Supplied data.

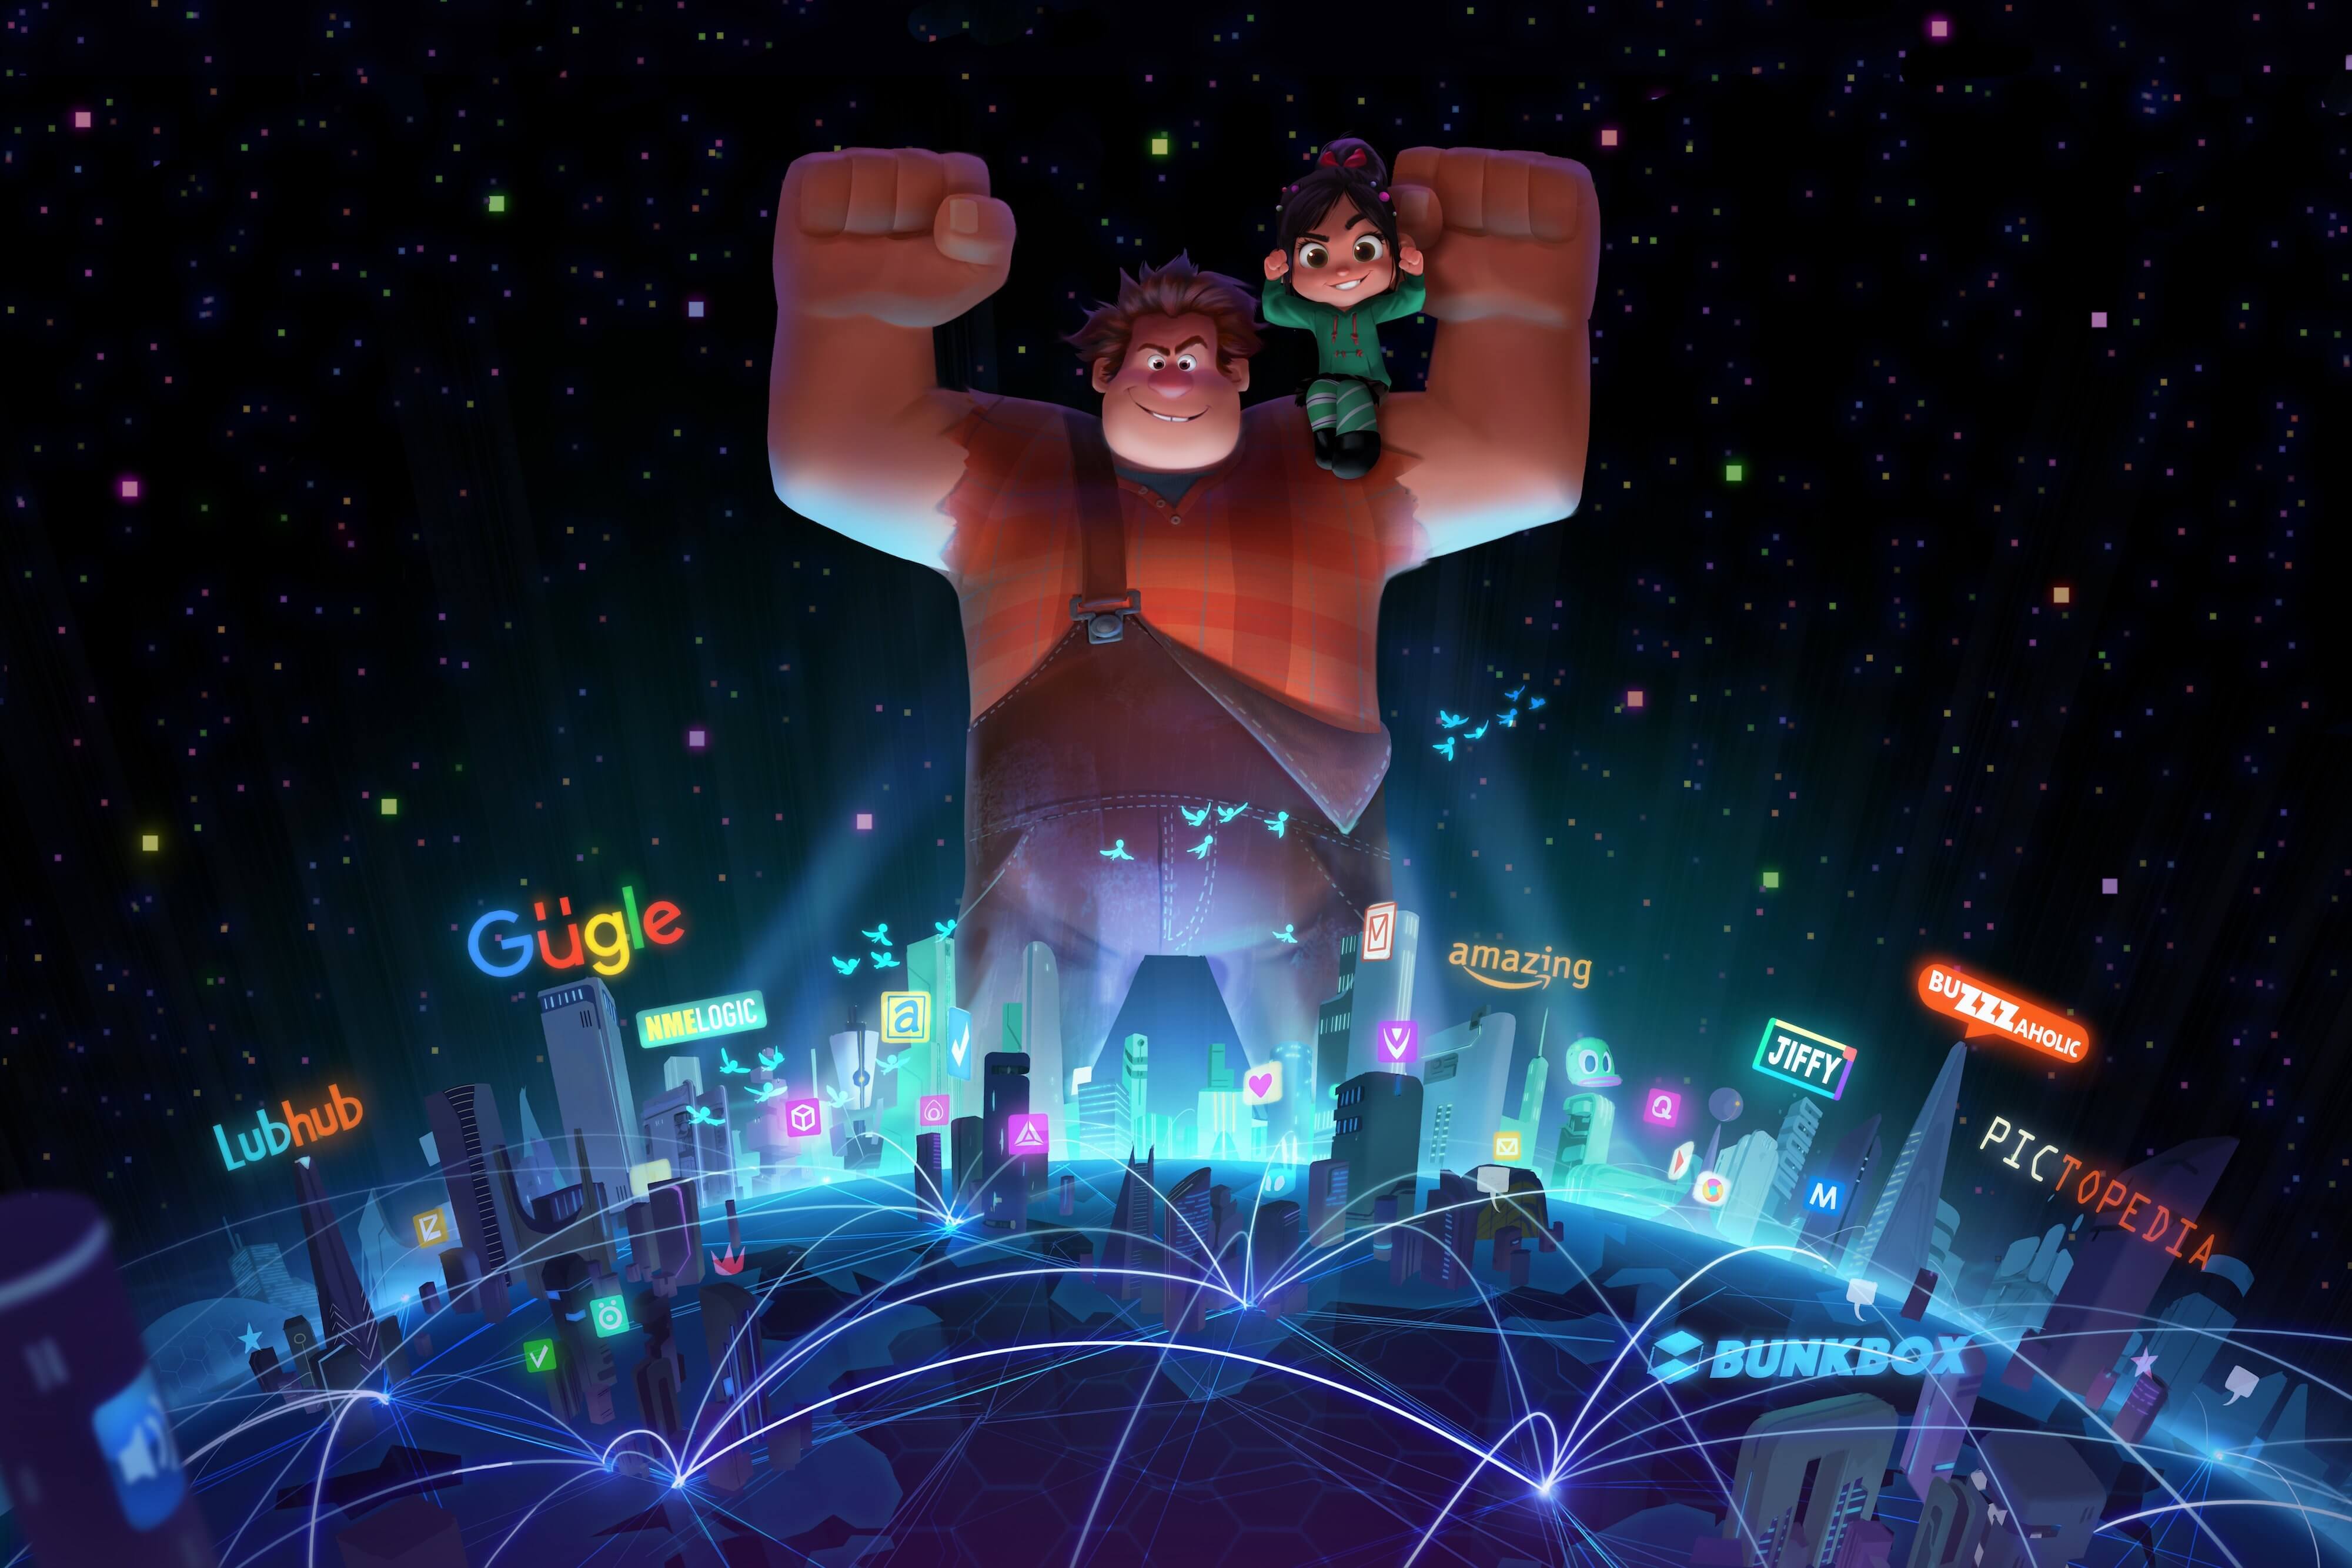 New WRECK IT RALPH 2 Details From The D23 Expo!
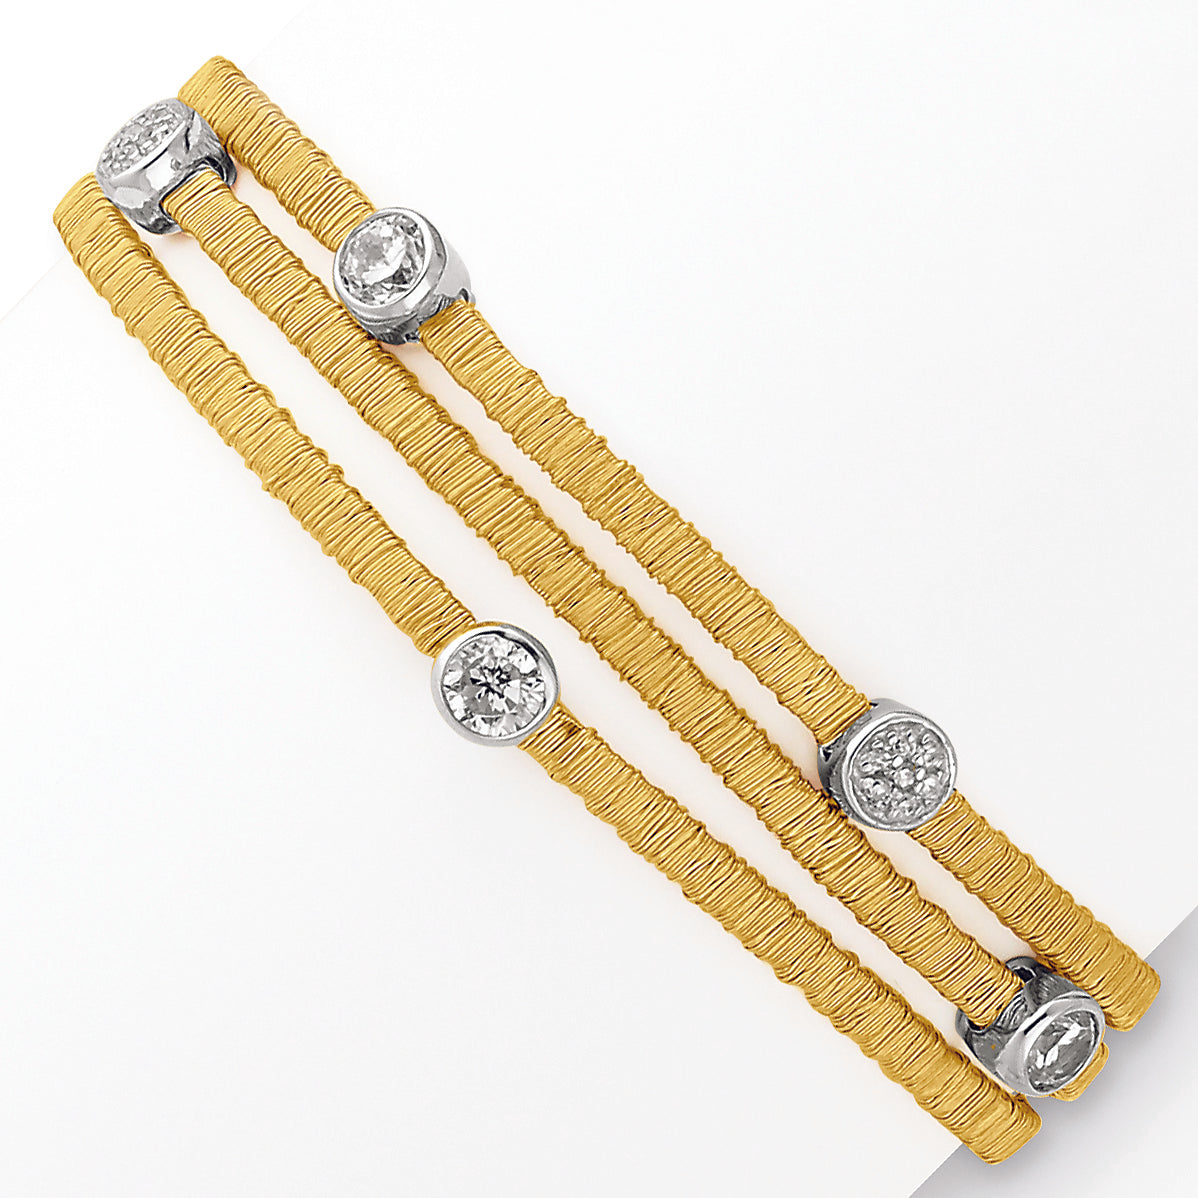 Stainless Steel & Sterling Silver Gold-Plated CZ Bracelet
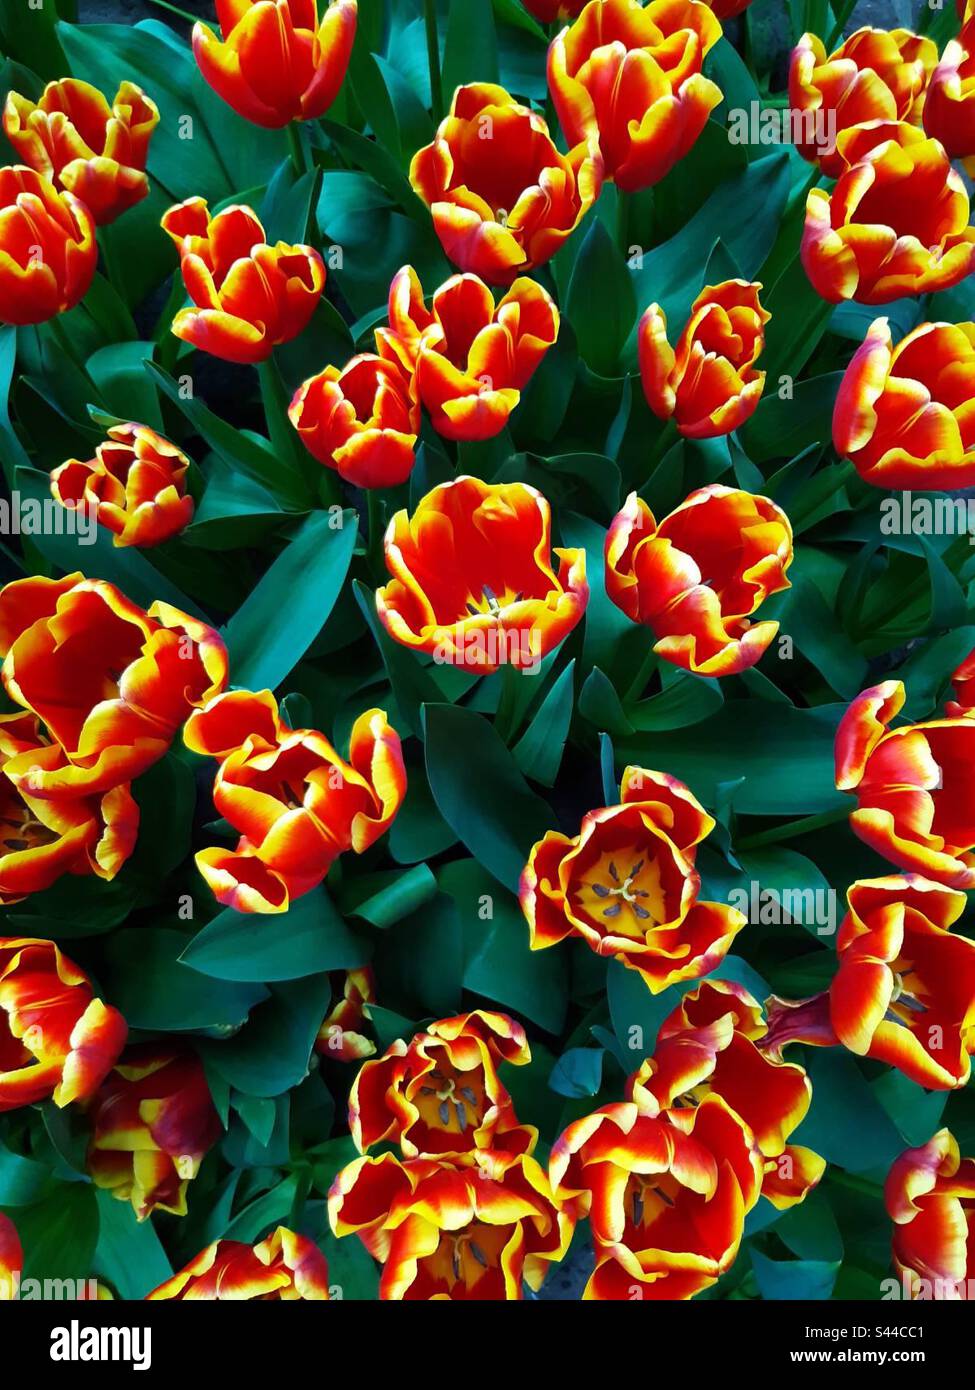 Blooming red-yellow tulips Stock Photo

Your assignment.
Omit every picture, then reproduce the rest of the listing exactly.

Answer for this exercise.
 New WRECK IT RALPH 2 Details From The D23 Expo!
 Stainless Steel & Sterling Silver Gold-Plated CZ Bracelet
 Blooming red-yellow tulips Stock Photo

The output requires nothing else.